“Mont.” I put a finger up to his lips. “I’d really like to spend the night. And I’d really like you to squish yourself up against me right now as we fit on this twin-sized camping pad and tiny sleeping bag and watch the not-real-sky do its sky thing.”
Twin-sized things are a great idea because if this were any bigger, we wouldn’t have to be so close. I like the closeness, and I like the way Mont squishes up against me and wraps a strong arm around me. I like the way he smells, all manly and literally oozing sexiness.
We’re silent for a while, watching the stars, but they don’t change or shift. A few minutes in, Mont sighs. “What I was saying before…like, a while ago…I’ve been thinking about that. In my world, it’s wrong not to have a plan. People do things at prescribed times. Not to the year or the date, but it’s expected that one finds one’s stride, keeps that growth and momentum going, finds a partner to share it with, and then passes it down to the next generation.”
“Babies…” Are we having the baby conversation already? If this is hypothetical, then I’m good. But if it’s about heirs and whether I can make one anytime soon, then I’m going to panic.
Mont senses my tension, and his body becomes less languid beside me. “Do you want children?”
I become less languid, too. “I think so. That’s the thing about being a woman. People give you that question all the time, and the older you get, the more imperative it becomes. I know it’s because society still has this burning biological clock notion, but it’s obnoxious.”
“I’m sorry. I didn’t mean to—”
“Add obnoxious gas to the obnoxious fire? I know. You’re good. I could ask you the same thing. Do you want kids? And I’m sure you’ll give me the same answer I did. That you do want them, but you don’t know when.”
“You’re right,” he says.
I shift so I can see his face, framed by the stars and the big wood beams above. He’s so serious but more lost in thought. “I’m glad there’s a pushback on it, but it’s still there. All the heavy expectations. It’s not that you can’t live and have a family or do the things you want to do after you have a kid. I’m not one of those people who believe that responsibilities ruin your life or that kids become this millstone around your neck, dragging you to the bottom of the fun pond. Sure, I do think some things are easier, and some things should probably be done before. I’m just not sure I subscribe to the right way and the wrong way and the timelines because those feel like millstones. I’m glad the world is shifting ideology when it comes to working yourself to death, too. There shouldn’t be such a thing as work-life balance. I don’t think the scales should ever be even or equal when it comes to working and living. You should always be living first.”

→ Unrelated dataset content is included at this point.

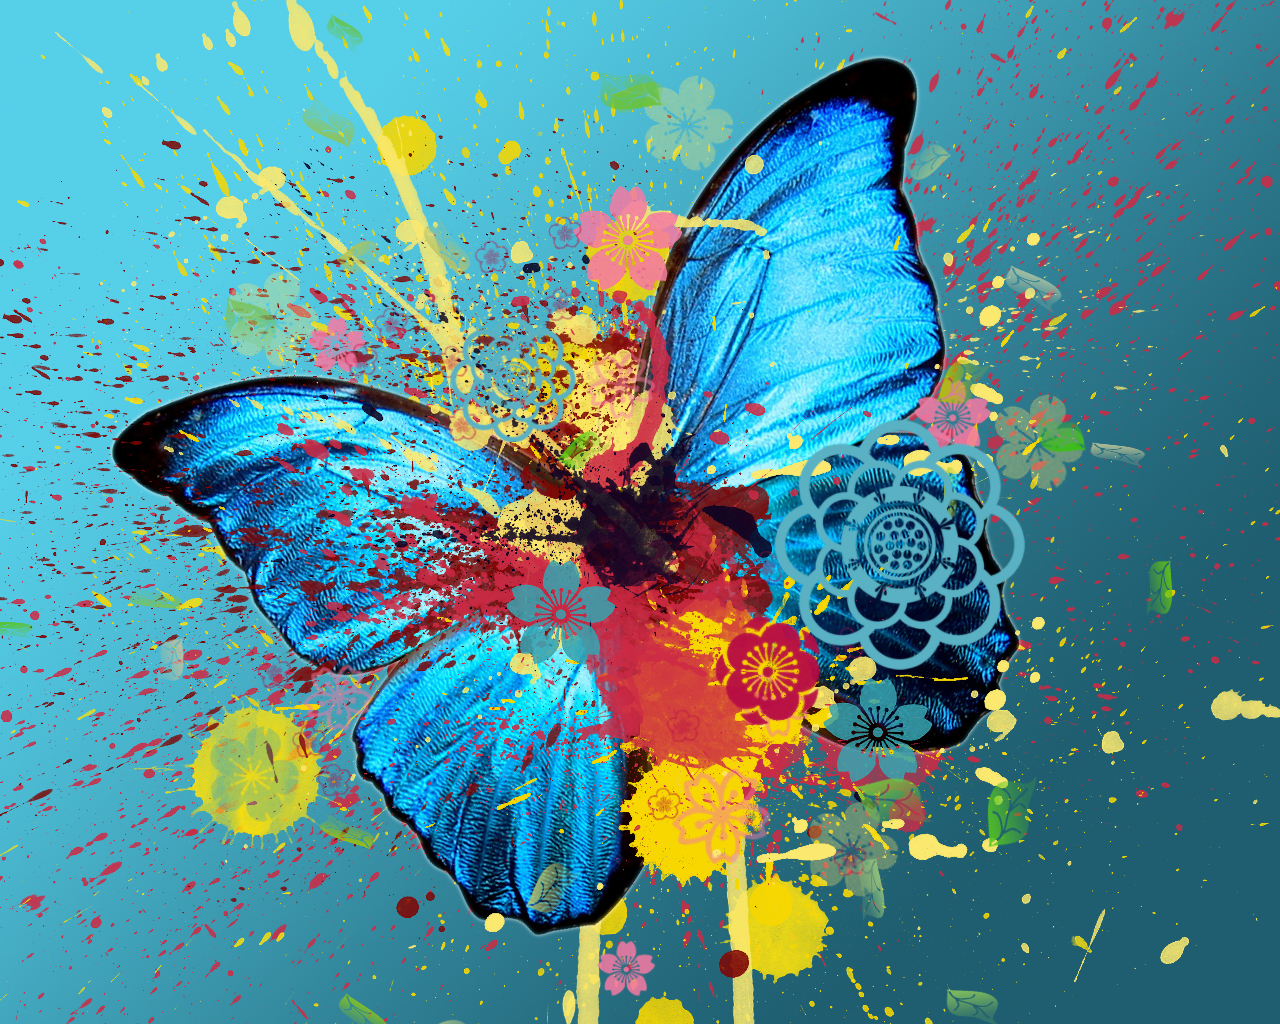 Butterfly wallpaper butterfly background wallpapers for Butterfly wallpaper
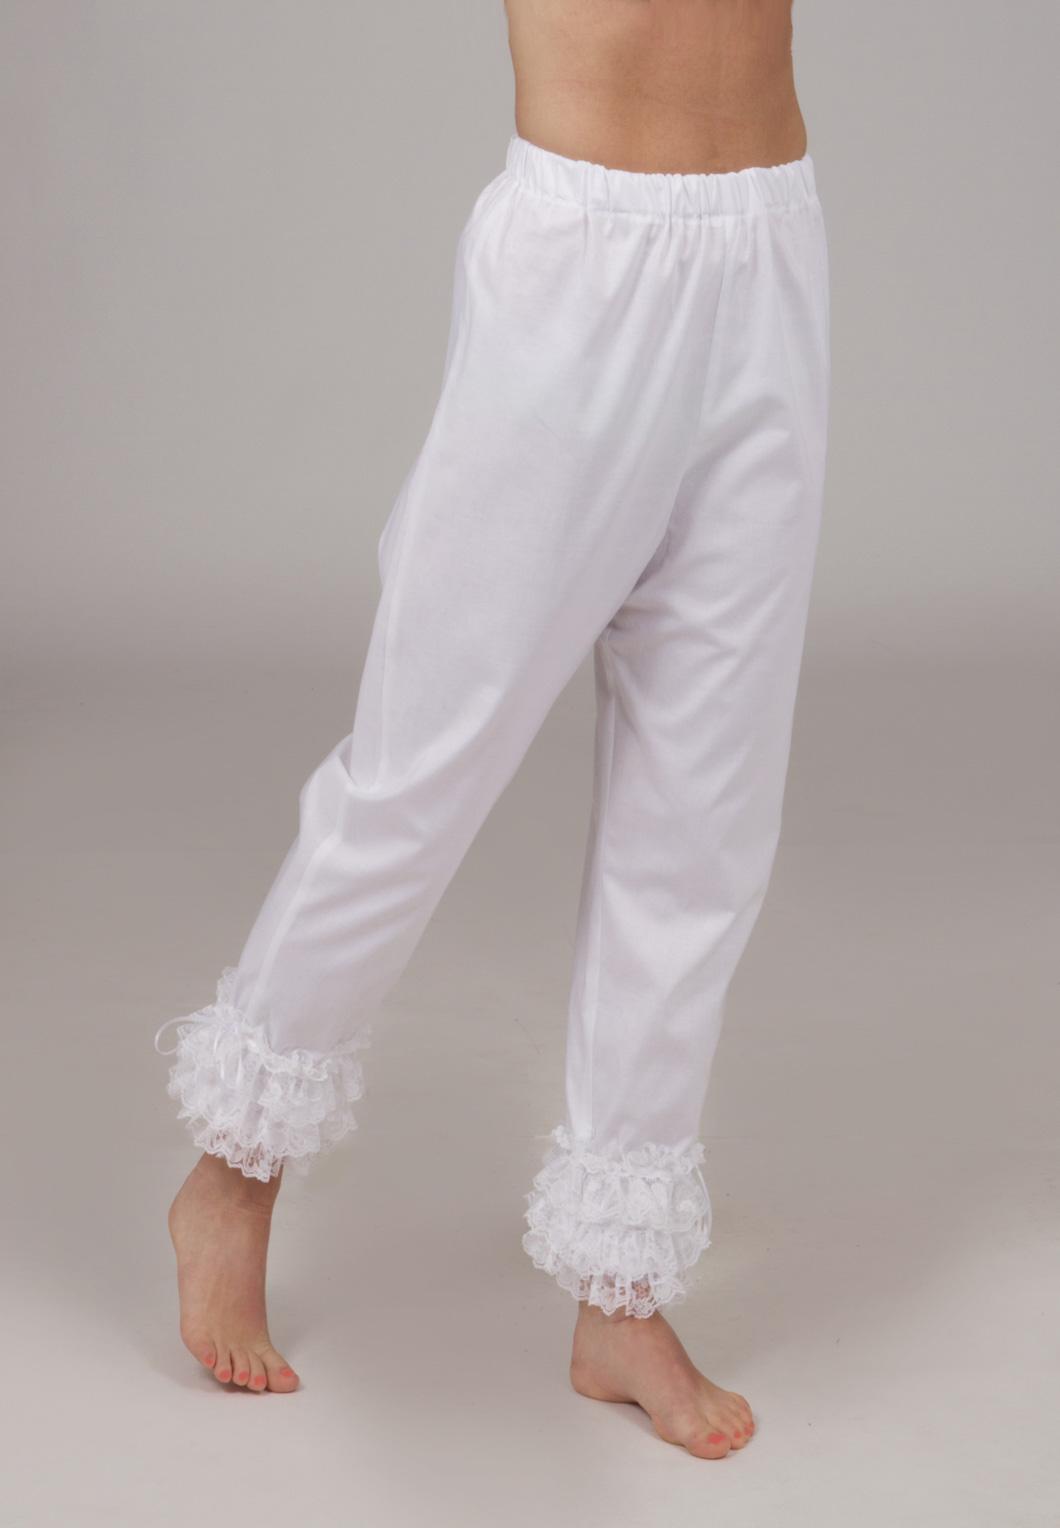 Victorian Flounced Lace Pantaloons 85690afaf

“But that’s an ideal….” It sounds like a question, and he’s watching me with an intense amount of focus now.
“It’s very idealistic. It’s on the list of working your ass off toward making it a reality. That’s just me, and I know not everyone has that or can live like that,” I say.
“And marriage? Is that an ideal as well?” he asks.
“I don’t want to think it is, but I like it to be in the distant future behind a long list of things I’d like to do first.”
“I feel the same way. I don’t like to think that all life is just working toward that push to those end goals. I’d like to enjoy life along the way and for my partner to feel the same. I’d like more crab dates with you, more sass and sunshine in my life, and more pudding greatness. One day, and it’s a distant one day, when we’re both ready, I’d like you to meet my parents, and I’d like to meet yours too. No charade and no pressure.”
I chuckle at the no-pressure part. Meeting the parents is always pressure. But, also, meeting his mom again? “Would your poor mom even believe we’re dating? I texted Gen and told her we’re dating for real, but it was over text, so I didn’t get to hear her burst of wild laughter at the absurdity of it.”
“At least it’s a funny meet-cute,” he says with a chuckle.
“Meet-cute. Who came up with that anyway?”
“Who comes up with anything trendy now?”
“I don’t know, but I hate it. I wish I could throw my phone in the toilet half the time. That’s pretty much where it belongs, anyway,” I grumble.
“We should get offline then. Just for a few days. Get away from everything everyone wants us to be and do.”
“Are you asking me to come away with you, you sexy beast?” I tease.
He grins and shifts up onto his elbow. I love the angle at which he’s looking down at me because the faux starlight creates the most beautiful shadows with his eyelashes on his cheeks. “Would you like me to ask you to come away with me?”
“Maybe.”
“Do you think I’m a beast or just sexy or both? That sounds like another ideal I’m going to have a hard time living up to.” Hetraces a pattern along my bottom lip. Slowly, sensually. And it makes me want to pant and growl like I’m the beast.
“If only you knew how my whole body sings whenever you’re around. My chemistry likes your chemistry, and there’s already a full lab going on. You don’t have to do anything to live up to it. It’s already a thing. The best beast thing.”
“The best beast thing. I like that.” He takes my nipple—the one that is positively perfectly healed—into his mouth again. It really likes this man’s mouth. In fact, it wants to live in this man’s mouth.
The rest of me wants to live inside him, too.
And that’s before he does the thing with his tongue. All. Over. My. Body.